Most of our analyses have focused on the promoters of protein-coding genes. However, it was possible that E2F1 genomic recruitment might be different at different types of promoters. Therefore, we analyzed the binding of E2F1 to the promoters of miRNA genes. A previous study used the genomic coordinates of H3K4me3-enriched loci derived from multiple cell types to identify putative promoters for 578 human miRNAs (62). With the caveat that we do not know how many of these miRNA promoters are correctly localized or which are in open chromatin in MCF7 cells, we determined which of the 578 putative miRNA promoters were bound by E2F1. To do so, the top 10,000 peaks identified by ChIP-seq for the WT E2F1 and the E2F1 deletion mutants were overlapped with the miRNA promoters, allowing a 200-bp gap between the E2F1 peak and the putative core miRNA promoter region.
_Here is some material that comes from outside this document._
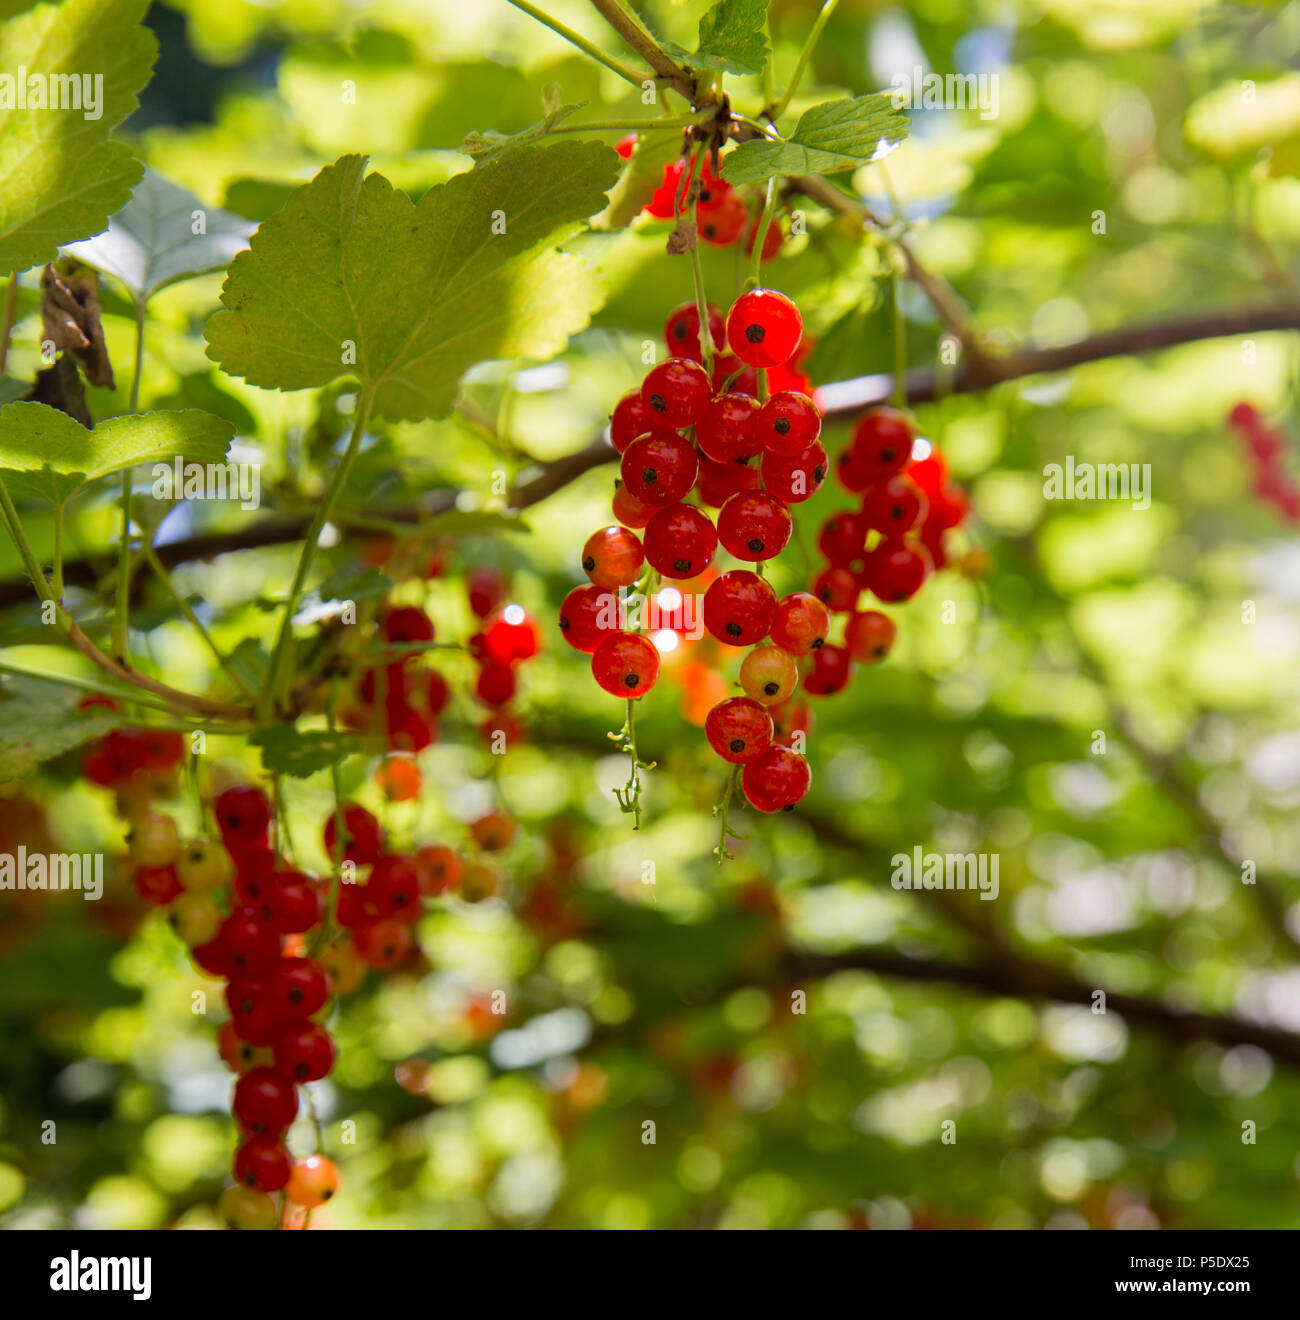 Bowl of red currant (Ribes rubrum) Stock Photo

We identified 96 miRNA promoters that were bound by E2F1, 128 promoters that were bound by the C-terminal deletion mutant, 90 promoters that were bound by the mutant deleted for both the N and C termini, and 85 promoters that were bound by the marked box mutant. Thus, 17–22% of the miRNA promoters were bound by E2F1. Visual inspection indicated that the miRNA promoters bound by E2F1 were also bound by the E2F1 deletion mutants. Thus, E2F1 is recruited to miRNA promoters in a similar manner as it is recruited to the promoters of coding genes. In summary, E2F1 protein derivatives lacking characterized protein interaction domains behaved identically to WT E2F1 in respect to their recruitment to the human genome, whereas the DNA binding domain mutant was completely unable to stably bind to the genome.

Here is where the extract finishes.